Range to copy from the entries below: the line containing "Photo of THE" through the line containing "The contenders for", inclusive. Retype only those lines, exactly, without any images.

═════ Entries shown ═════

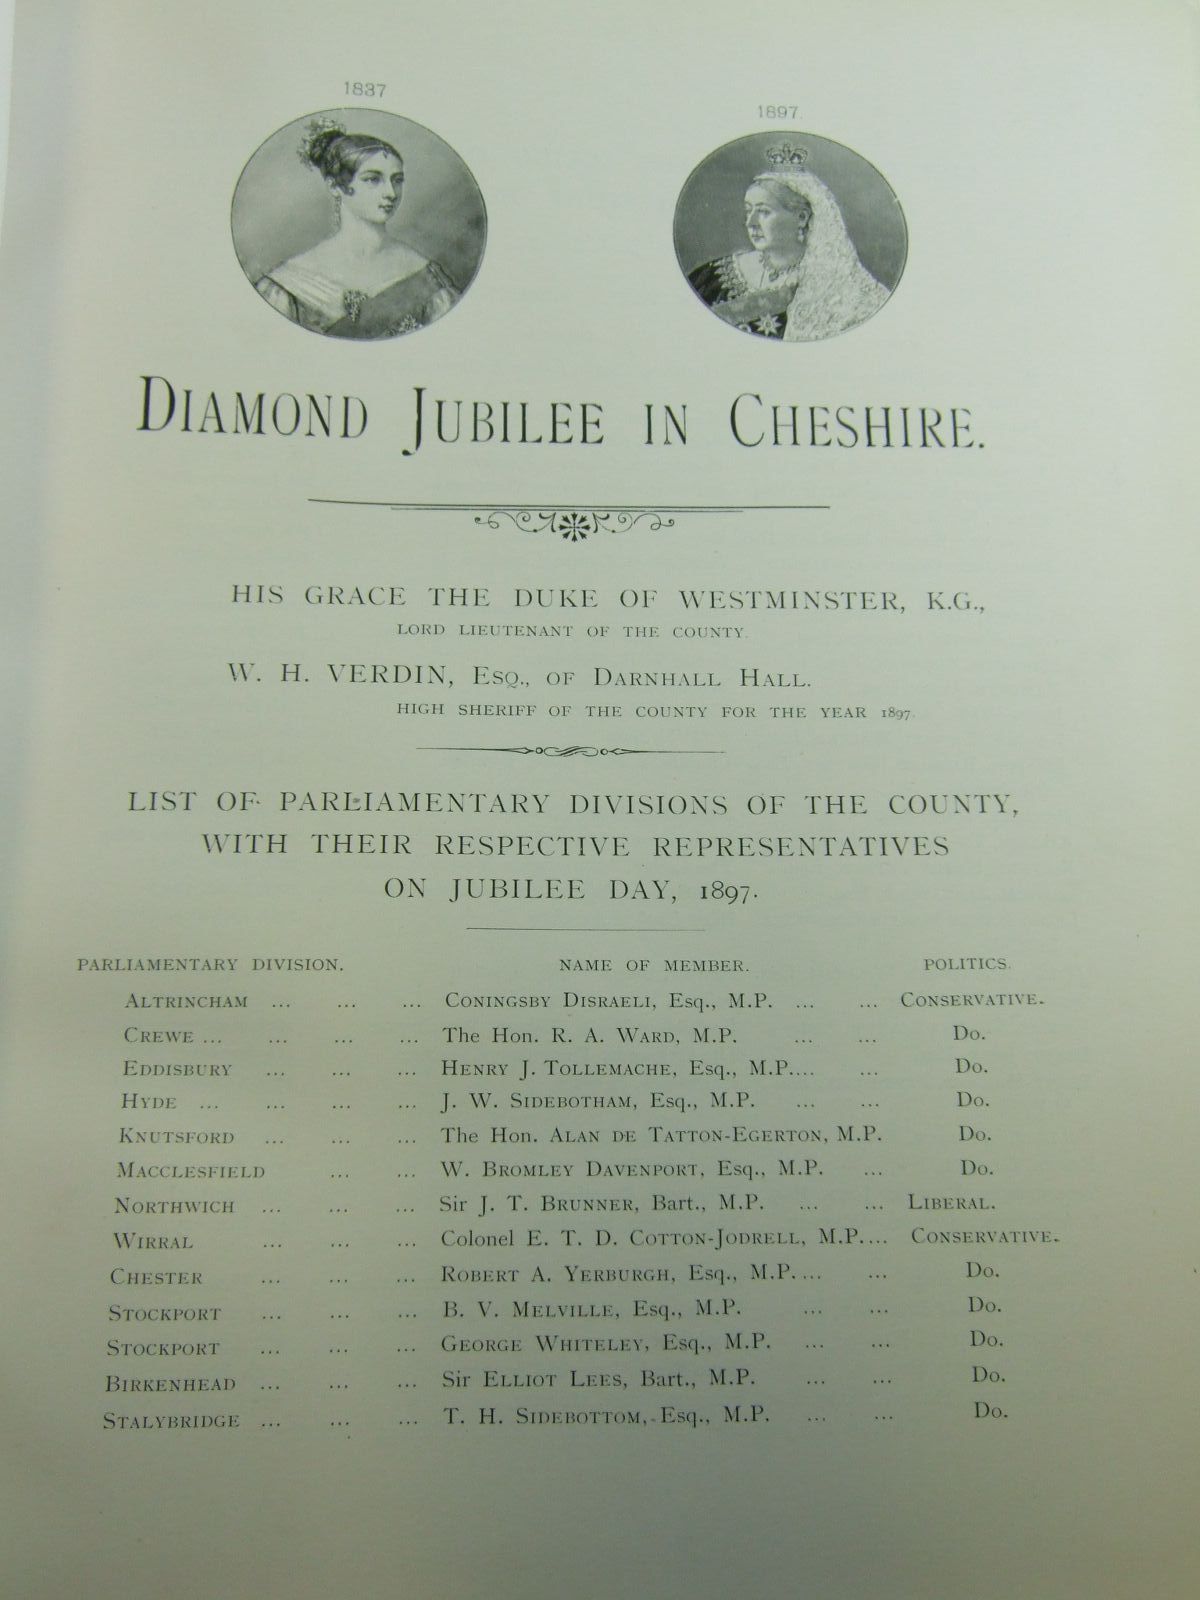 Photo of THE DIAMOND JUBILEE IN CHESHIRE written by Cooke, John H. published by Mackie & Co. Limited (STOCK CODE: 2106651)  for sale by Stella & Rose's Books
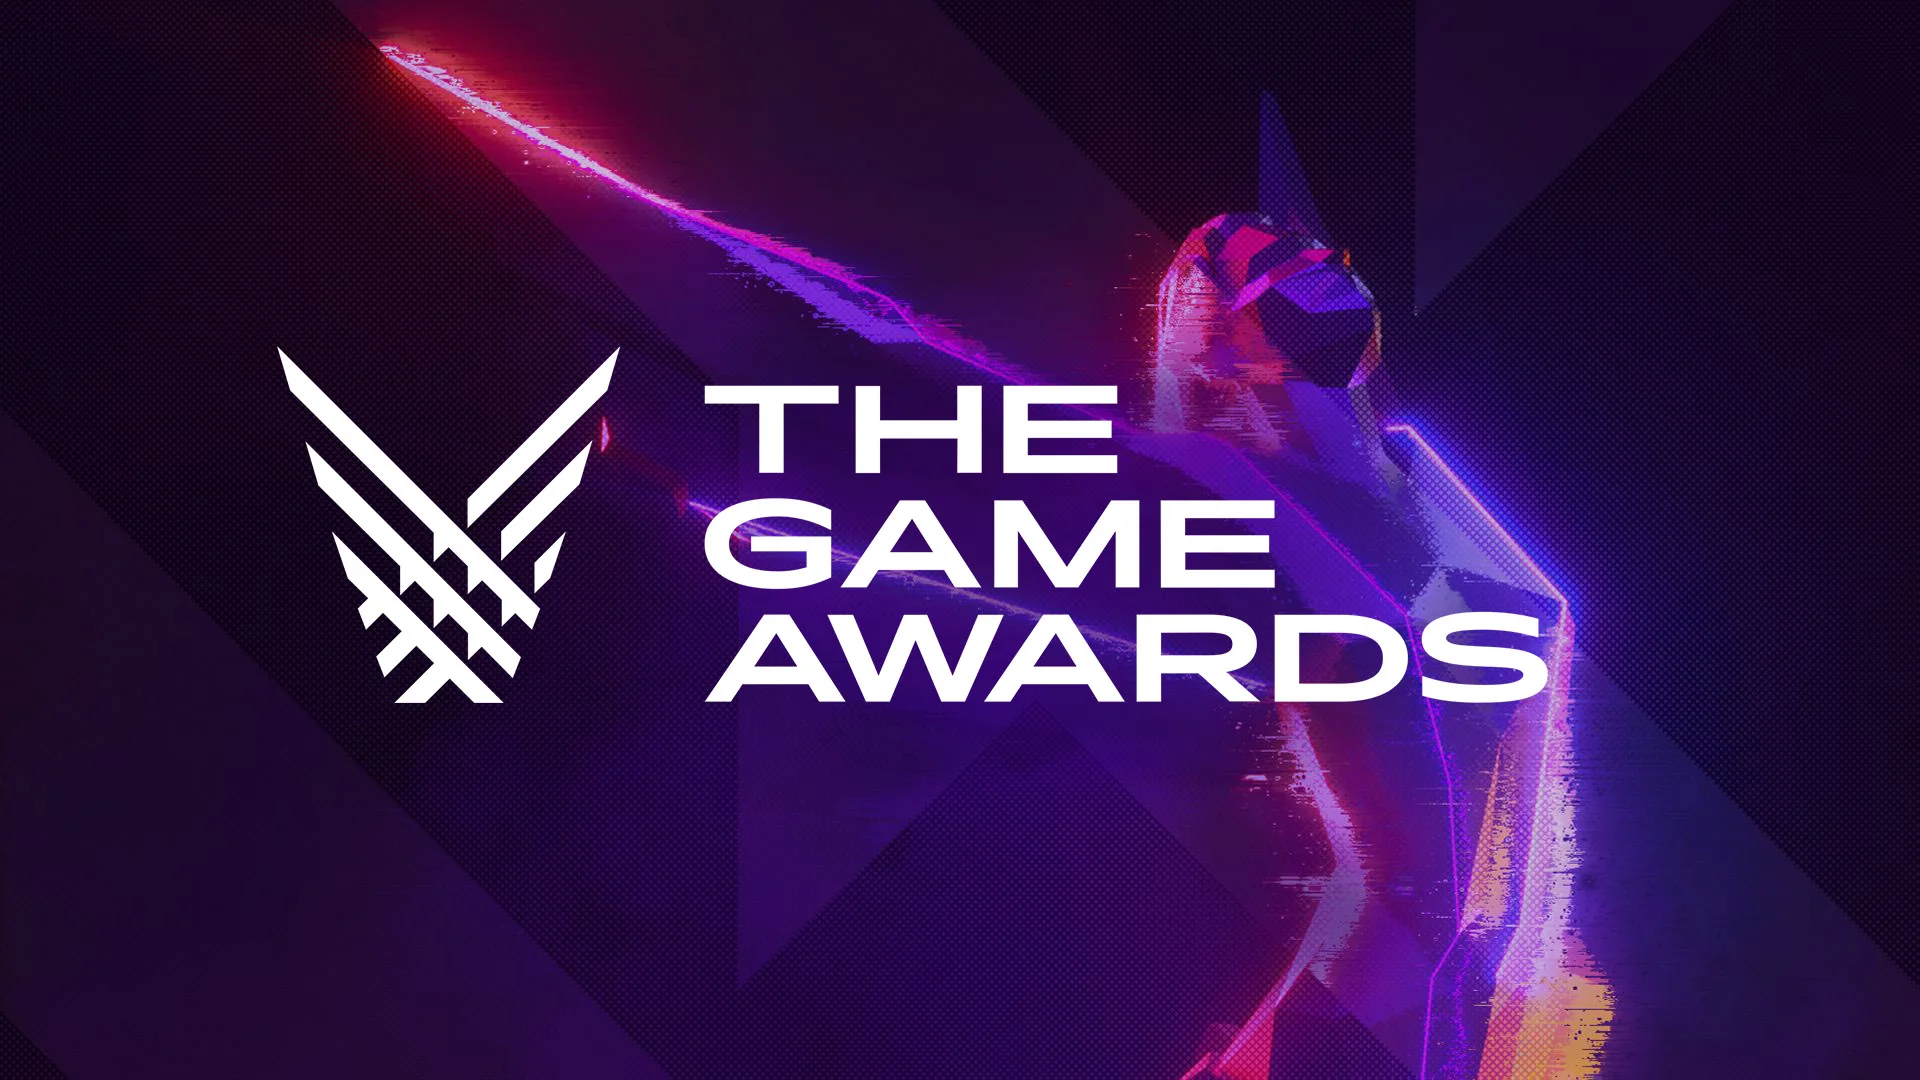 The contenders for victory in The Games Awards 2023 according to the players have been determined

═════
═════ Entries shown ═════

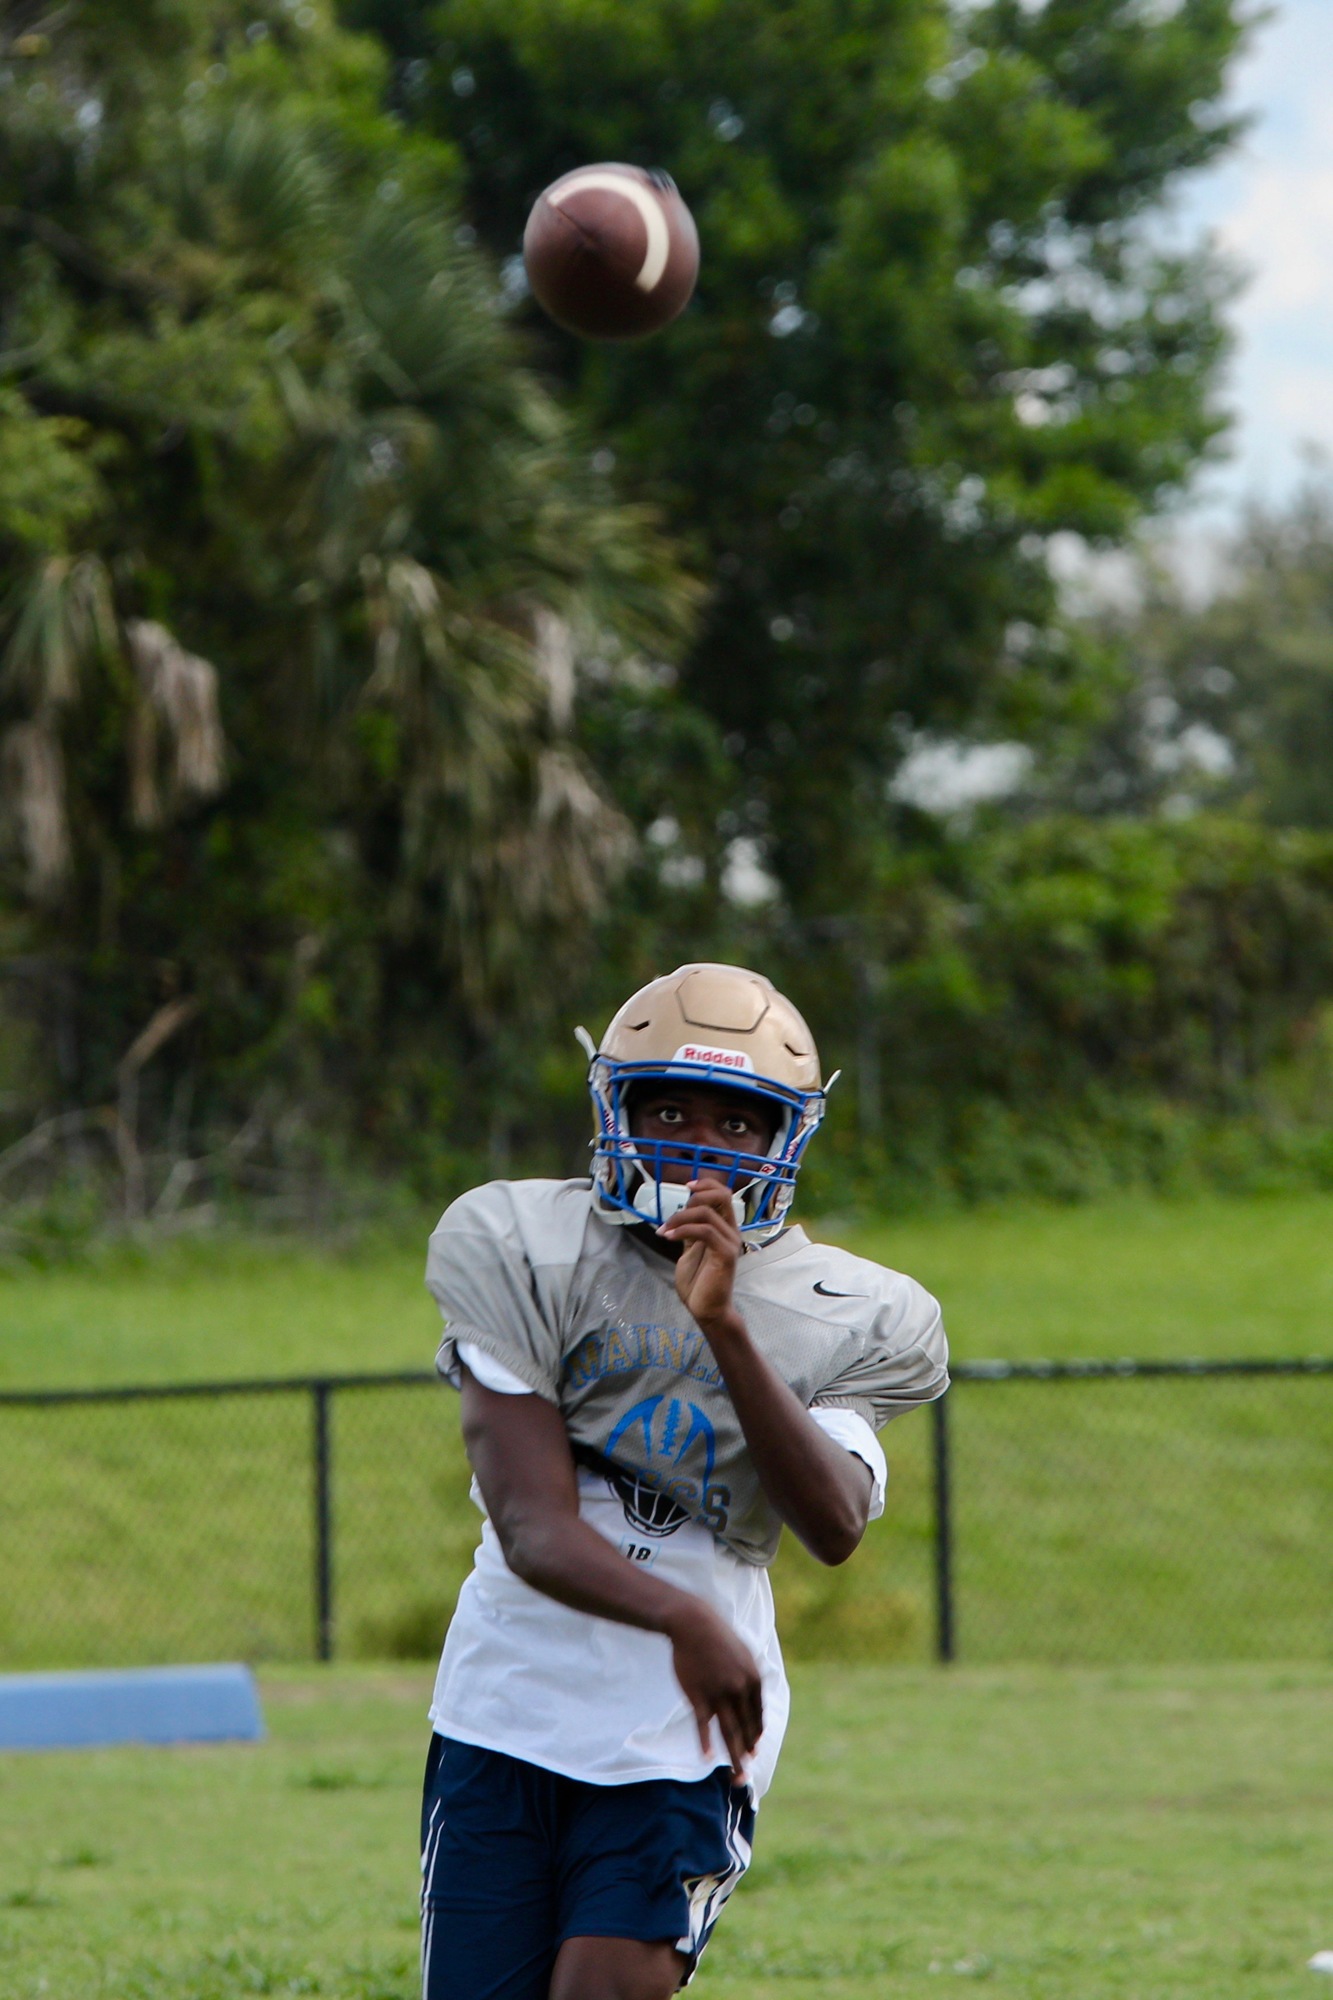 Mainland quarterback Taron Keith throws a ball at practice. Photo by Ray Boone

═════

▸ Response to this exercise:
 Photo of THE DIAMOND JUBILEE IN CHESHIRE written by Cooke, John H. published by Mackie & Co. Limited (STOCK CODE: 2106651)  for sale by Stella & Rose's Books
 The contenders for victory in The Games Awards 2023 according to the players have been determined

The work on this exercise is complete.